How many instructions does Linux kernel need in order to handle an interrupt on an arm cortex A9?

Question

I would like to estimate the amount of opcodes it takes a ARM cortex A9 single core to handle an IRQ.

Assuming I work with Linux kernel 3.4, how many opcodes it takes to call the irq and execute the irq_handler ?

Answer 1

You question is related how to calculate the interrupt latency of Linux. At least you might be interested in how long it takes before your interrupt even starts. We will ignore this aspect of irqs here.

A simple way is to toggle a GPIO and use a scope to measure the interrupt. You may even toggle the GPIO multiple times to see the time different phases take. This Window CE link shows an example measuring for latency. Some interrupt controller (such as the IMX) have I/O multiplexing modes where an interrupt number will raise/lower a particular I/O line. Alternatively, you can add code to toggle the line (see below for routines).

The source for the primary interrupt handling is in entry-armv.S. There are macros defined for the interrupt controller you use and these depend on the .config file. For instance, there is pre-emptive interrupts, multi-interrupt controllers, SMP, etc. The primary vectors are defined at the bottom of entry-armv.S. The general gist is that the current operating mode is inspected and then either __irq_usr or __irq_svc is taken. These routines have a different pre-ample to store state, but they both end up calling the irq_handler macro. The _irq_usr has stuff about cmpxchg, but if you specify and ARM cortex in your .config, this won't apply. The main difference will be the possible context switch after the IRQ occurs in user mode. Your machine defines mach/entry-macro.S which are assembler macros to access the interrupt controller and get an interrupt number. It then jumps to generic irq handling code in the top level kernel directory.

So the second way would be to inspect the code and calculate it directly. This is probably easier if you look at the source, compile your kernel and then do an objdump --disassemble on the vmlinux image and look for these symbols. You will see the irq_handler macro expanded and it should jump to your IRQ code eventually.

As you can see from the source, there is also TRACE_IRQFLAGS. You can check to see if this is available on the Cortex A9 you are using with make menuconfig (and type /TRACE_IRQFLAGS). I don't know if it is available or not.

There are variations such as,

1. Interrupt from User/SVC mode.
2. Other interrupt currently running.
3. Code that is interrupted (such as stm/ldm) may take some time to complete.
4. Page faults in your ISR. Some Alsa drivers can fault with unallocated pages in at least some Linux versions.
5. Conditionals in your ISR.

Measuring on a scope will show the jitter in IRQ servicing. Examining the instructions will generally show that the IRQ may never be serviced; for example if higher priority interrupts constantly pre-empt/prevent the IRQ. Probably you need to do both to fully optimize for a hard deadline.

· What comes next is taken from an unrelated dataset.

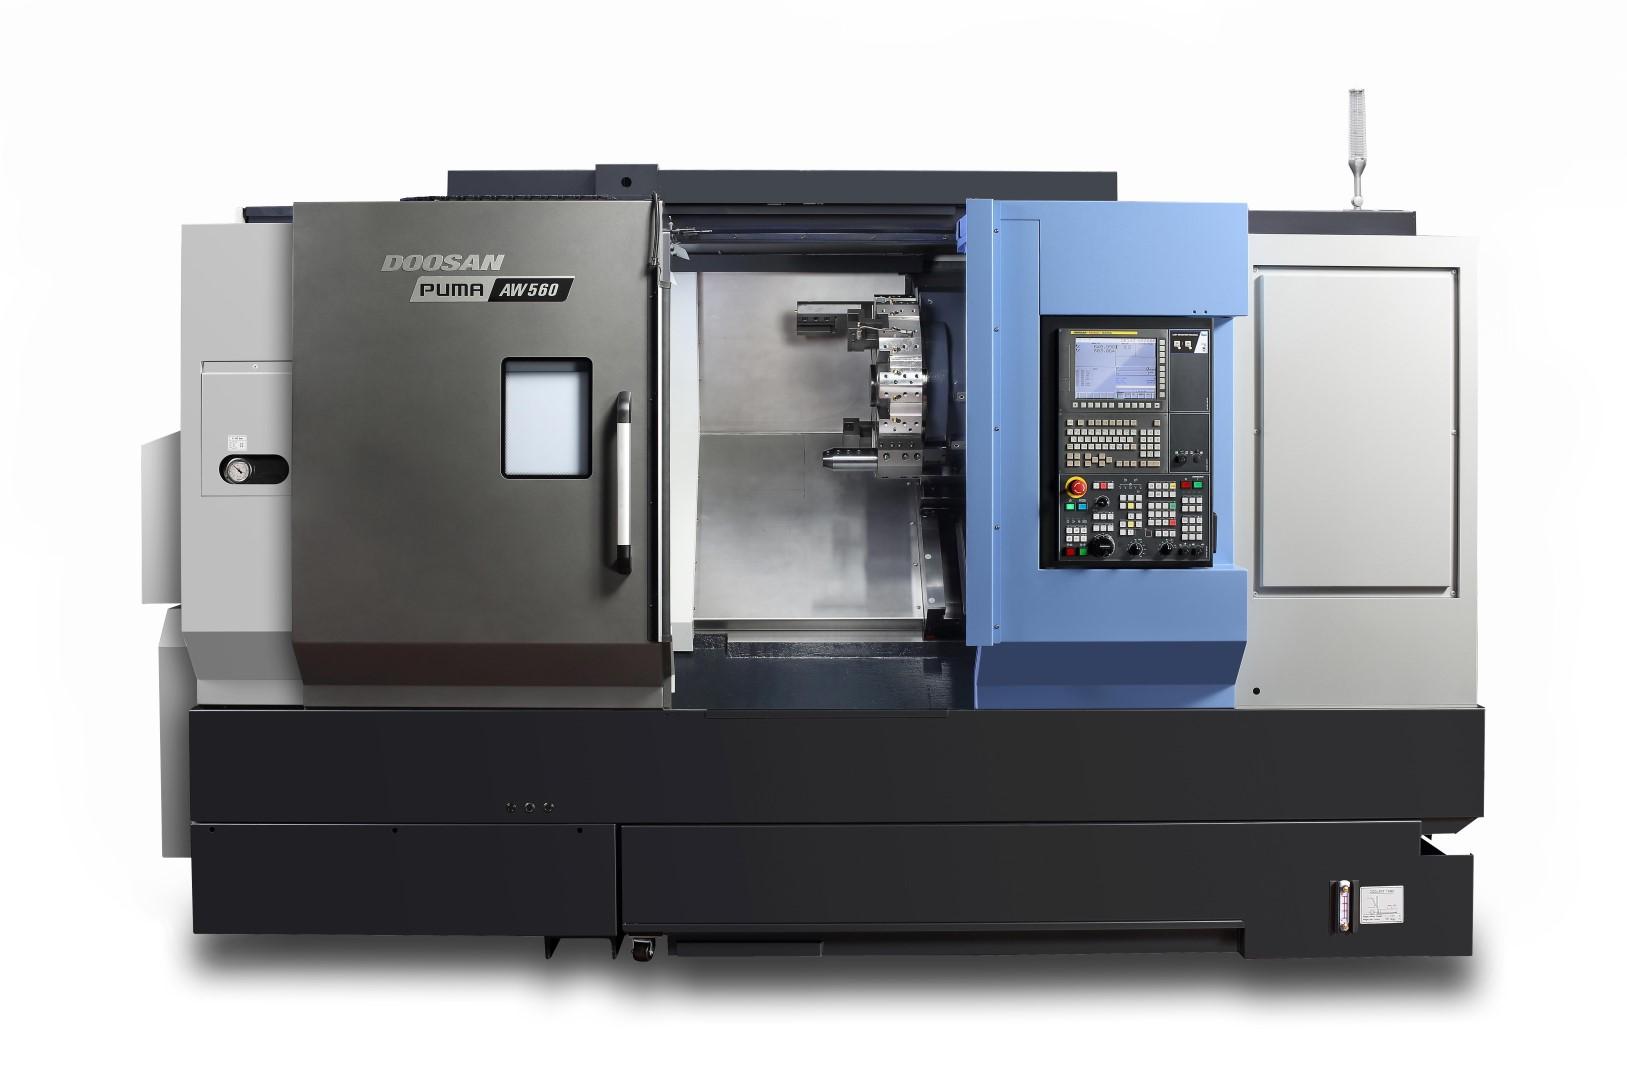 Doosan PUMA AW560 II, AW560-MF II, AW660 II
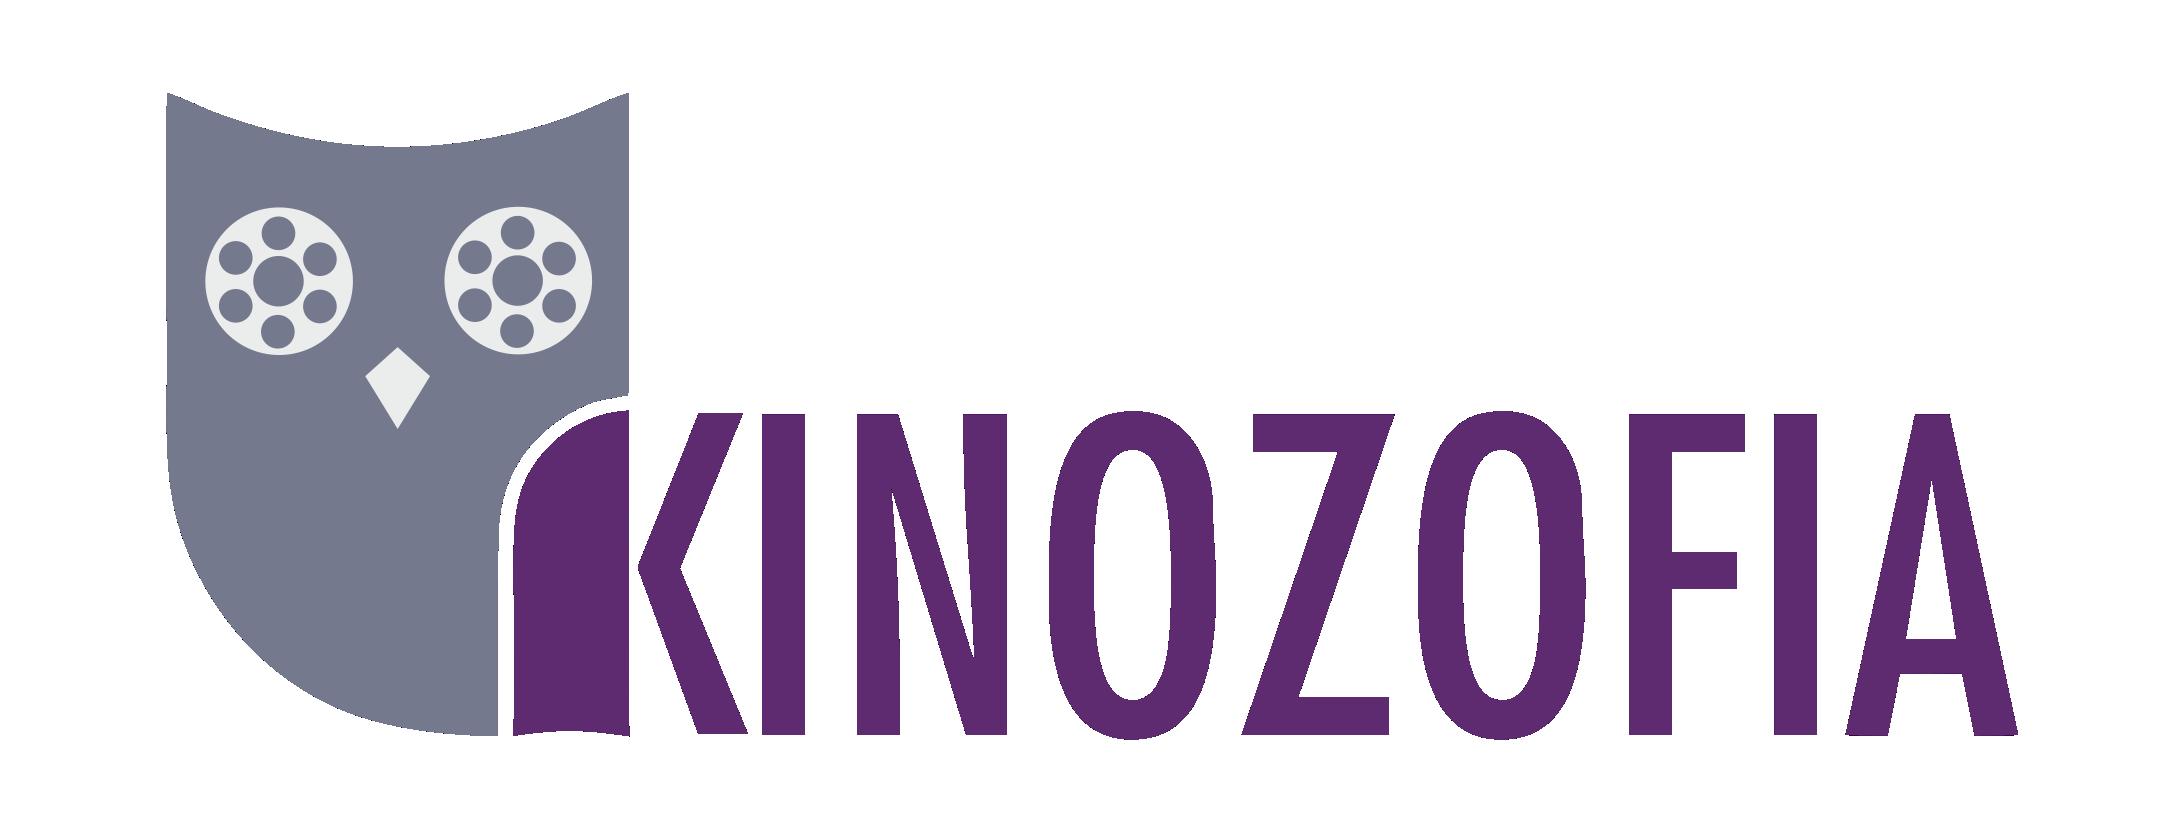 kinozofia logo.png

Often you don't care how long the whole IRQ takes but the time between the IRQ line being raised and writing/reading some peripheral register. For instance, a FIFO may have limited depth and if the latency between the IRQ occurring and reading the FIFO register is greater than FIFO_Size x BPS, then you have issues with the FIFO overflowing.

The FIQ infra-structure is a lot faster, but the kernel facilities you can use are far less!

Edit: The Cortex A9 technical reference has instruction counts in appendix B. Most ARM instruction are a single cycle on most architectures, except memory load/store, multiples and branches. Follow the 3rd and 4th paragraphs above to find the complete instruction path to handle a Linux interrupt for your configuration and just add it up; for an estimate (as the original question asks) you can just count the instructions as they are generally a single cycle.

Answer 2

Whilst you can calculate the theoretical minimum number of core cycles by inspection of the source code, the number actually taken is far less certain due to the effects of caching, memory and memory controller performance, what the other core is doing at the time and various other factors dependant on the micro-architecture of the ARM processor in question.

I suspect you would be better off measuring the actual interrupt latency performance of your system, either using a digital 'scope or performance counters.

Of course, for hard real-time applications, you need to know the worst case interrupt latency - which includes the worst case of all of these factors.